(Given entries)
- - - - -
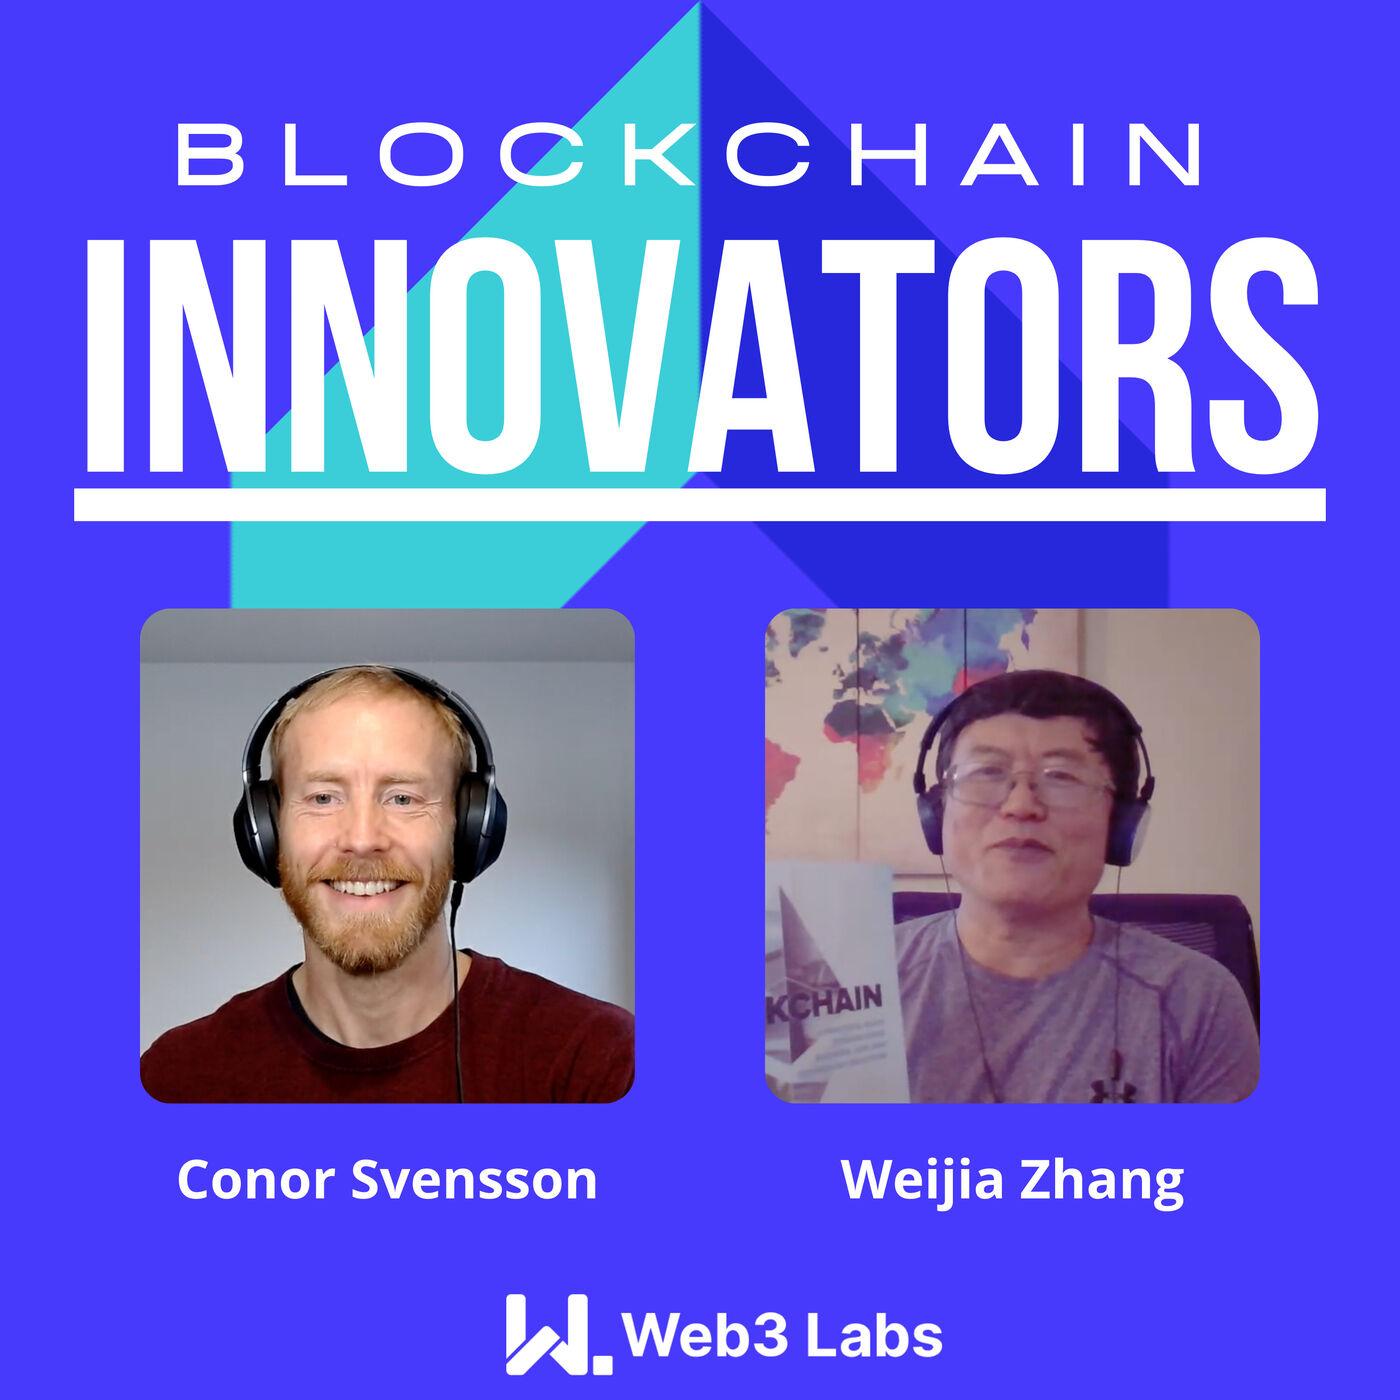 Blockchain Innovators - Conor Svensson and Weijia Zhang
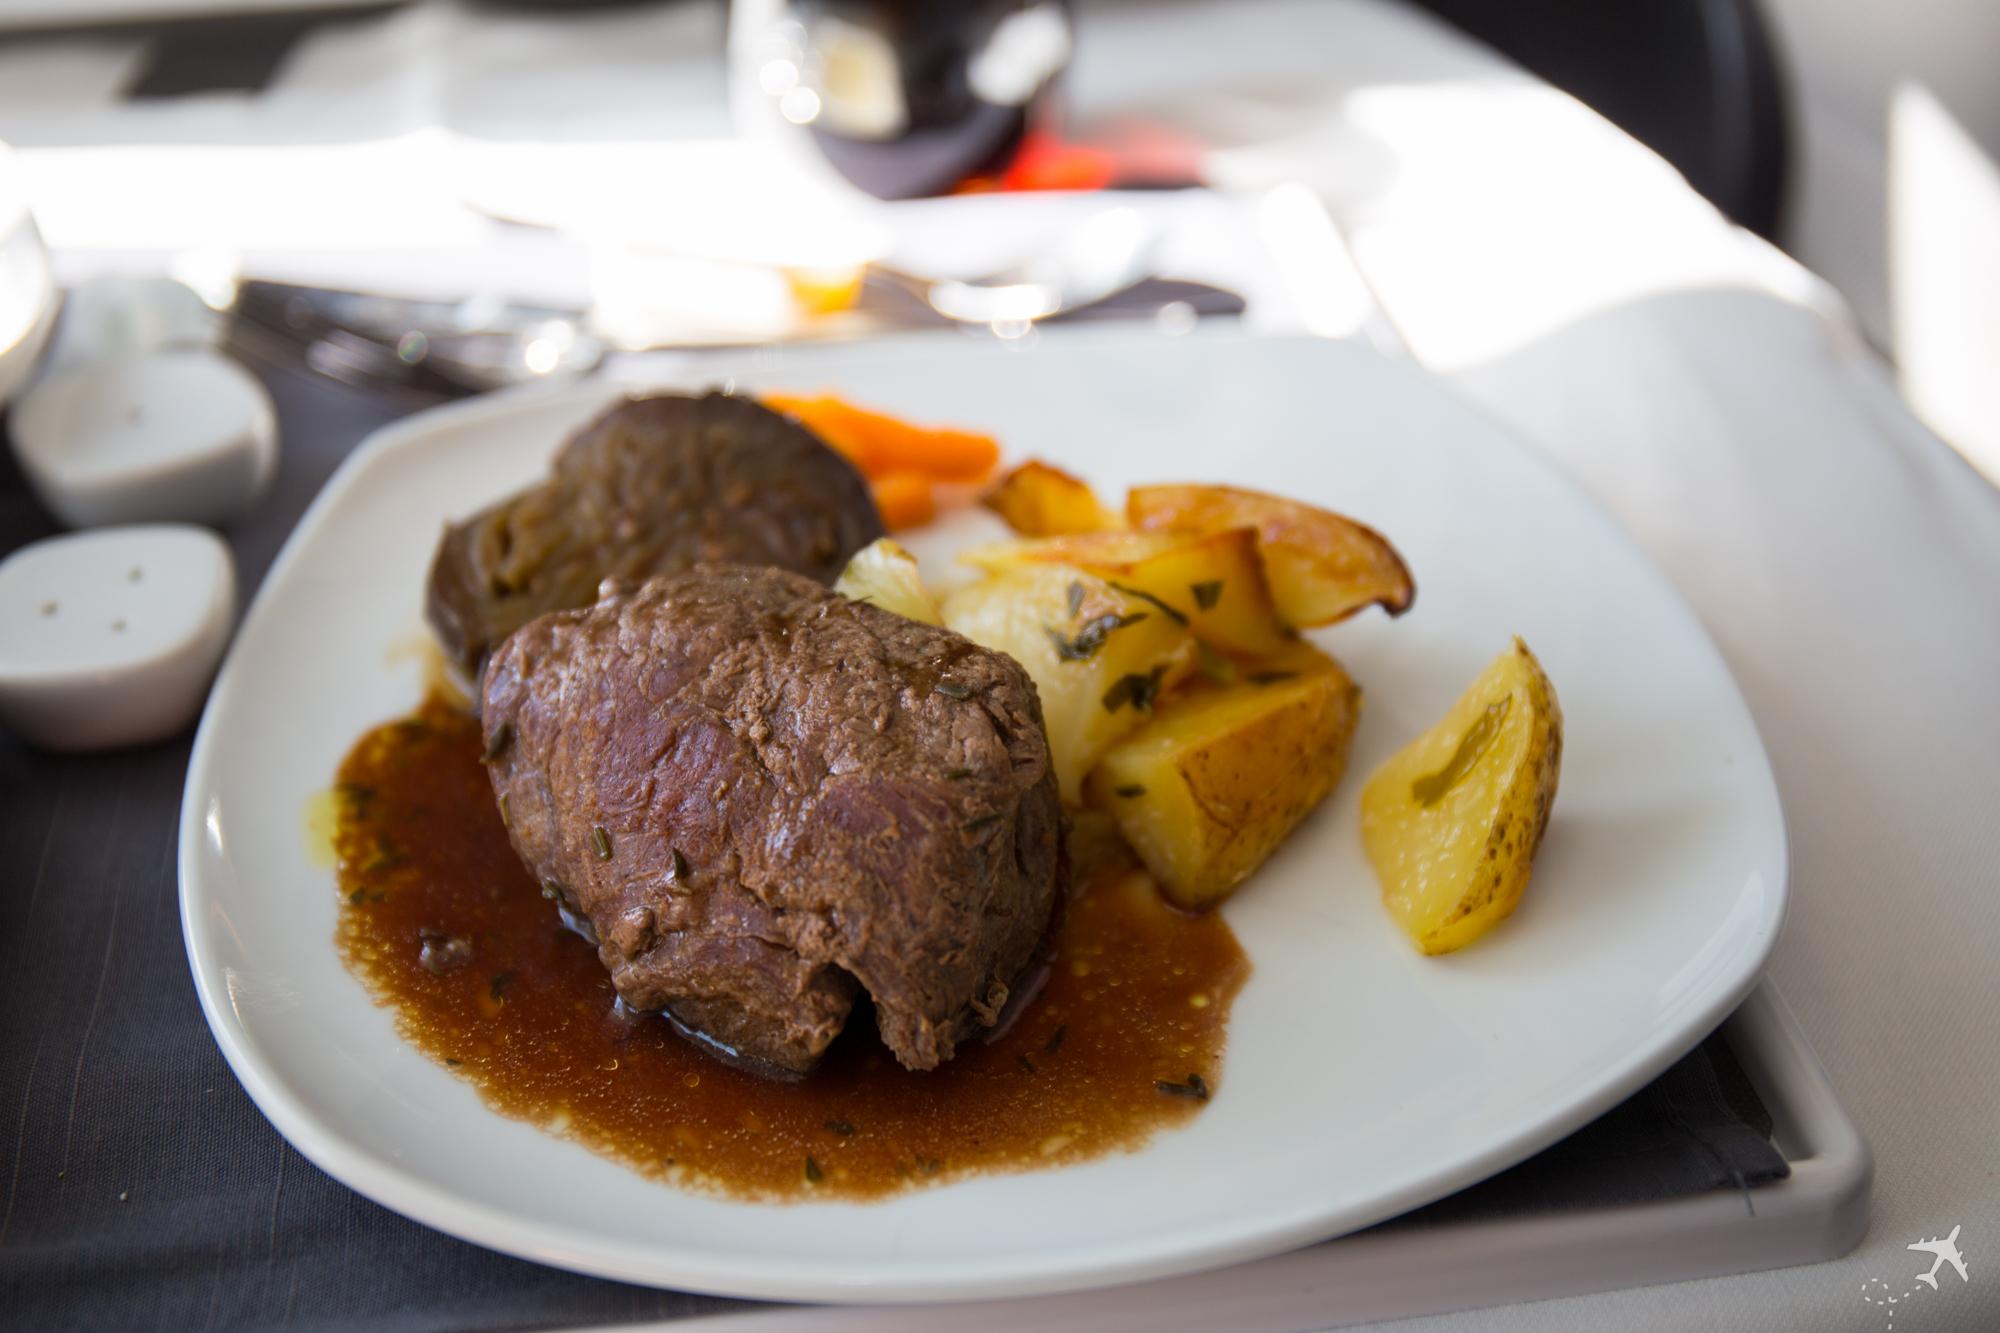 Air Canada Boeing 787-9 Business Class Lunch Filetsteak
- - - - -
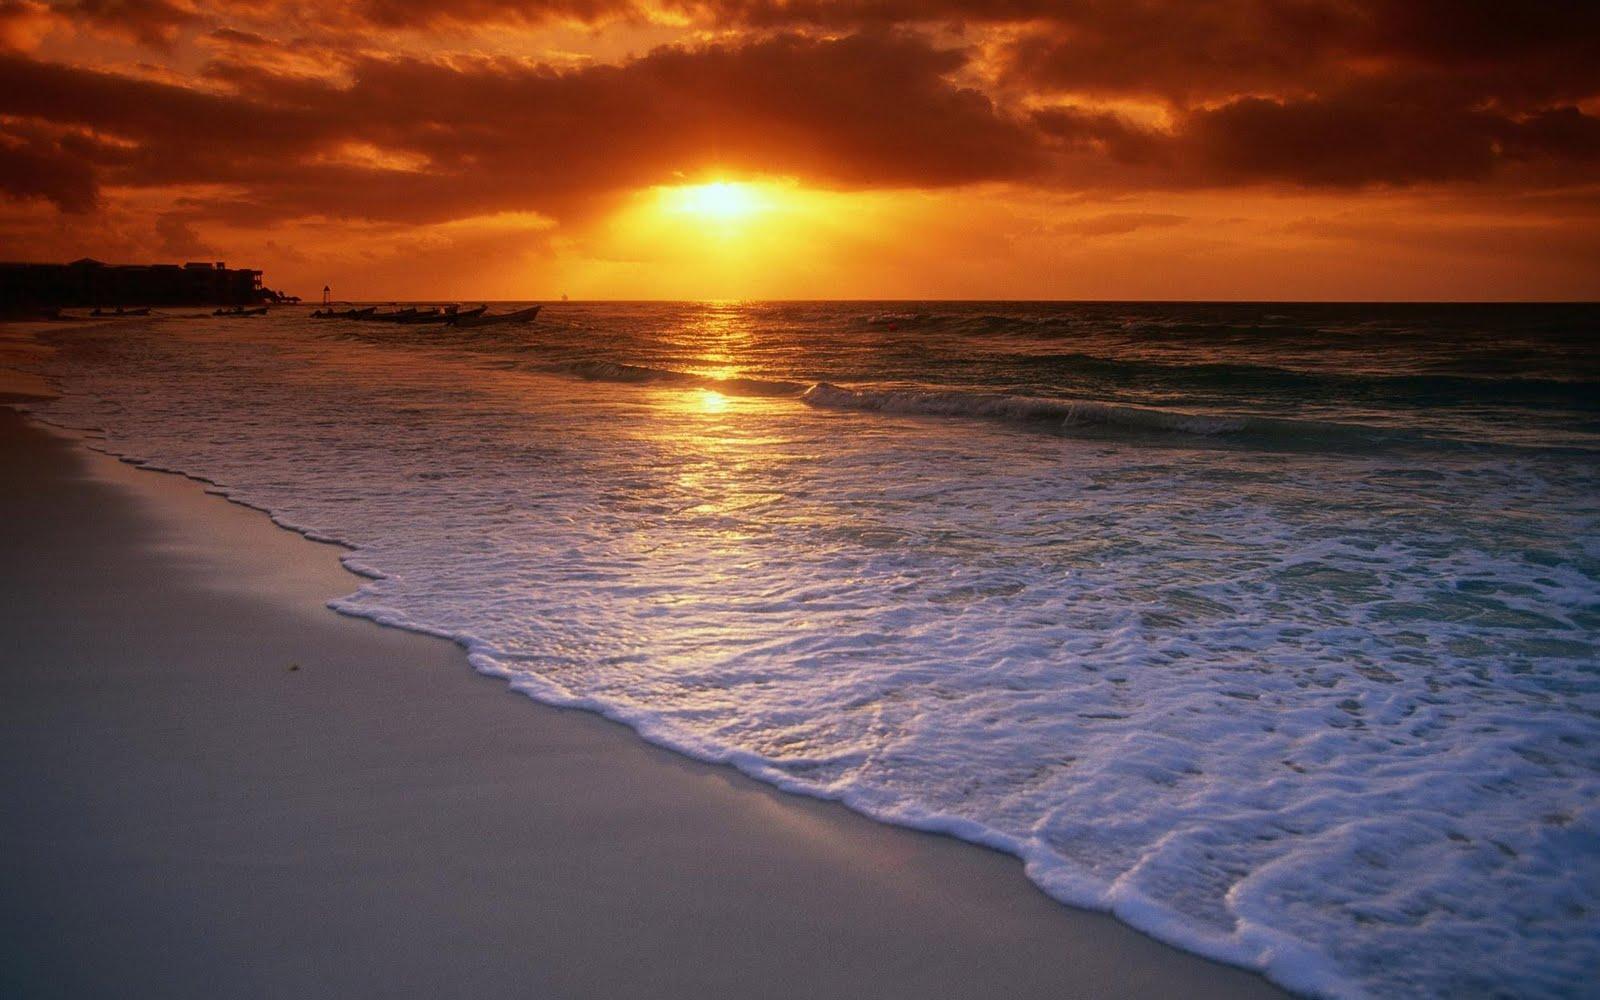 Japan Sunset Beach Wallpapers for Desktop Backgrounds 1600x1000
- - - - -
(Exercise objective) A clean copy is needed of the lines in the listing above from the one with "Blockchain Innovators - Conor" through the one with "Air Canada Boeing", exact in every word and free of pictures.

(Written answer)
 Blockchain Innovators - Conor Svensson and Weijia Zhang
 Air Canada Boeing 787-9 Business Class Lunch Filetsteak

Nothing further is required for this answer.